Во второй половине 1936 года одной из постоянных тем эпистолярного обсуждения Даррелла и Миллера был Шекспир: отчасти это связано с тем, что Миллер работал тогда над текстом о «Гамлете»[199]. А для Даррелла это была возможность «проверить на ближнем» то, что составит основу «Черной книги» и других его главных романов: представление о геральдической вселенной, где, в отличие от привычного физического мира, время претендует на роль четвертого измерения, — Даррелл пытается увидеть мир вне линейности времени. В чем-то геральдическая реальность Даррелла близка к китайским представлениям о Дао как о непознаваемой закономерности и цельности жизни, дающая начало всему сущему; она присутствует в сознании как сгустки символических смыслов, порой считываемых каждым из живущих и проявляющихся в его судьбе. С прояснением этих смыслов и связана та внутренняя борьба, о которой говорит Даррелл в связи с «Гамлетом».

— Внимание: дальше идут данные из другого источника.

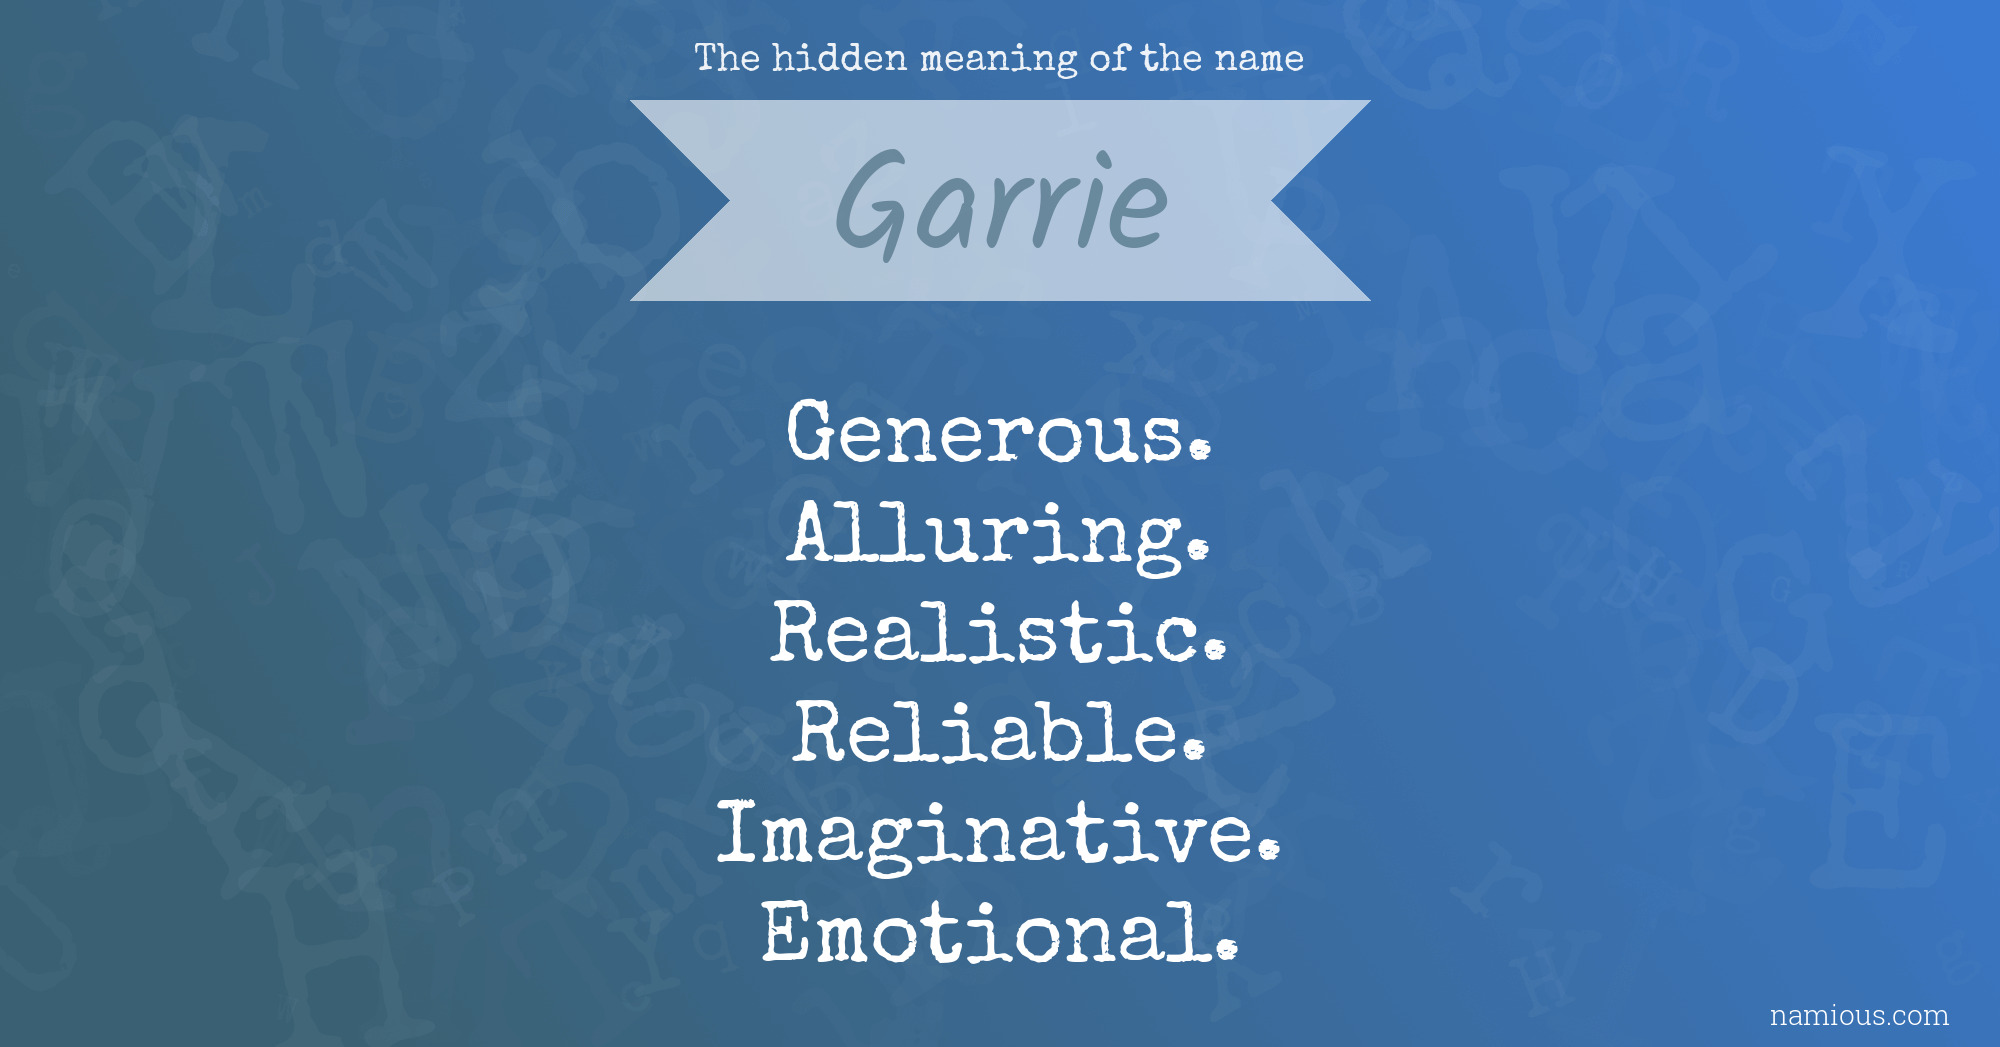 The hidden meaning of the name Garrie
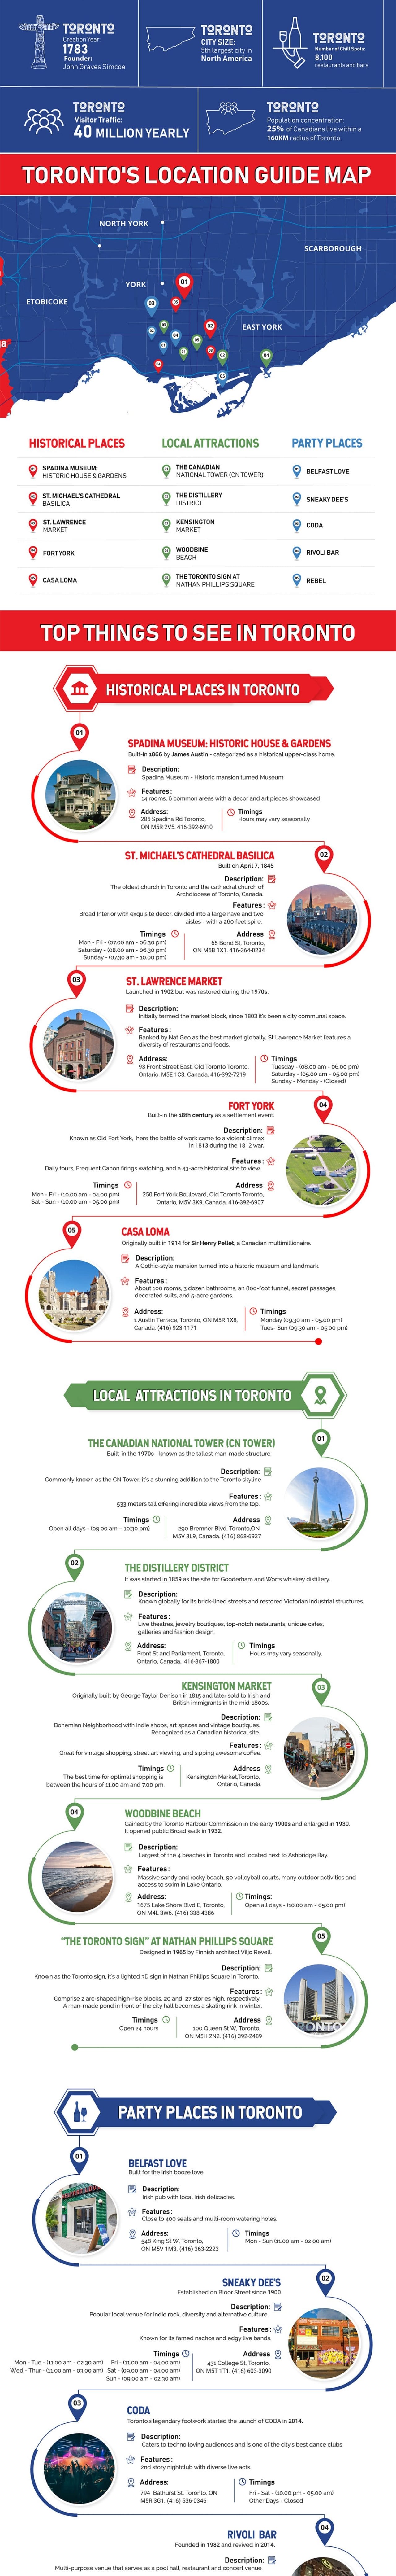 Places to visit in Toronto infographic

С другой стороны, «Гамлет» для него — повод еще раз определить свои отношения с родной Англией, откуда он сбежал на греческий остров Корфу, подальше от «всей этой английской мертвечины». (Реакция Даррелла на нравы, царящие на родине, вовсе неудивительна для 30-х годов: в то время стремятся покинуть Англию — кто на время, а кто навсегда — и Олдос Хаксли, и У. X. Оден, и Луис Макнис, и Кристофер Ишервуд…) При этом интересна сама «упоминательная клавиатура» Даррелла: в разговоре о Шекспире всплывают Мордсон, Уэбстер, Сирил Тернер — это как если бы мы свободно говорили о «Борисе Годунове» или «Маскараде» на фоне прочитанных нами пьес М. Н. Загоскина, А. И. Писарева, Н. А. Полевого, Н. В. Кукольника…
И под конец несколько слов об отточенности даррелловских наблюдений. Мимоходом Даррелл дает коротенькие определения персонажам пьесы, вроде того, что «Горацио — пустозвон с львиным сердцем». Мысленно представляешь себе анимацию по «Гамлету», где Горацио — облезлый, тощий, шелудивый лев, благородство движений которого совершенно карикатурно: перед каждым он садится в позу и начинает самозабвенно вещать; сам принц — изломанно и неловко ступающий, раскоординированный во всех движениях рыцарский доспех, а сквозь узкую щелочку забрала промелькивают недоуменно смотрящие на окружающих глаза; Лаэрт — кидающийся на всех барбос; Королева — самозабвенно раздувающая зоб жаба, неловко прыгающая и патетически закатывающая глаза… И после этого как-то иначе понимаешь, насколько «Гамлет» — страшная пьеса…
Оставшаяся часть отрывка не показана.